Speaking in defense of Mike Huckabee's statements that people with AIDS should be quarantined, the head of the AFA of Pennsylvania said Huckabee's recommendation was appropriate.

===View on media===
Wildmon has been accused of saying that he believes Hollywood and the theater world are heavily influenced by Jewish people, and that television network executives and advertisers have a genuine hostility towards Christians.

===Opposition to other religions===
On November 28, 2006, following the election of Keith Ellison, the first Muslim elected to the United States Congress, the AFA released an "Action Alert." The Action Alert, entitled "A first for America...The Koran replaces the Bible at swearing-in oath: What book will America base its values on, the Bible or the Koran?", requested subscribers to write to their Congressional representatives and urge them to create a "law making the Bible the book used in the swearing-in ceremony of representatives and senators."
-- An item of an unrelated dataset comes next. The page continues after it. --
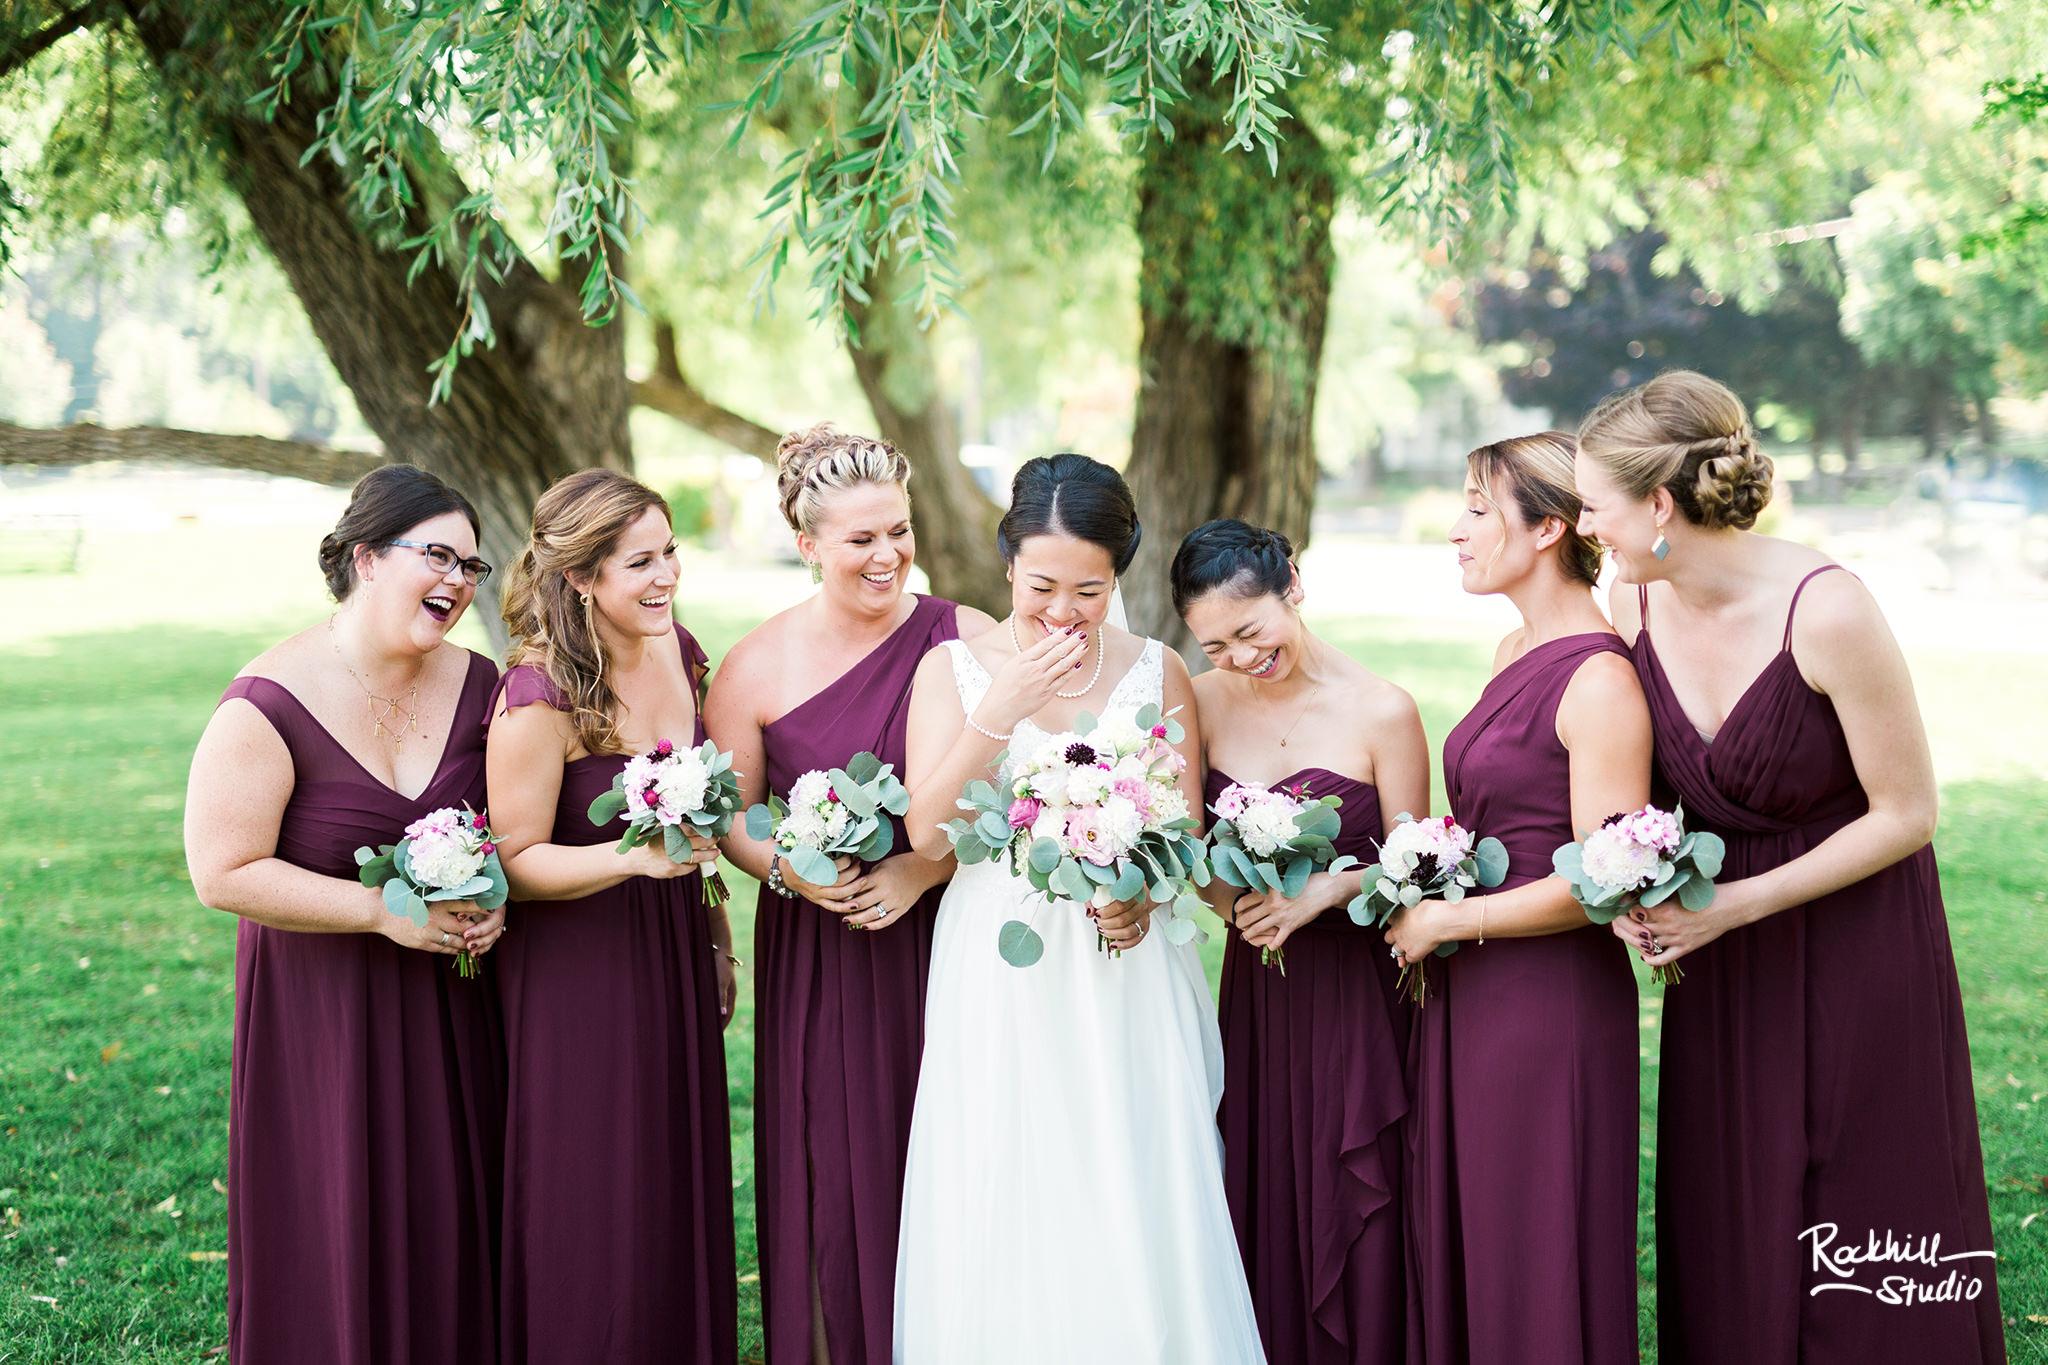 Northport michigan bridesmaids, traverse city wedding photographer rockhill studio

On July 13, 2007, a Hindu prayer was conducted in the U.S. Senate. Rajan Zed, director of interfaith relations at a Hindu temple, read the prayer at the invitation of Senate majority leader Harry Reid, who defended his invitation based on the ideals of Mahatma Gandhi. AFA sent out an "Action Alert" to its members, urging them to email, write letters, or call their senators to oppose the Hindu prayer, stating it is "seeking the invocation of a non-monotheistic god." The "alert" stated that "since Hindus worship multiple gods, the prayer will be completely outside the American paradigm, flying in the face of the American motto One Nation Under God." The convocation by Zed was disrupted by three protesters from a different Fundamentalist Christian activist group, Operation Save America, in the gallery; they reportedly shouted "this is an abomination", and called themselves "Christians and patriots".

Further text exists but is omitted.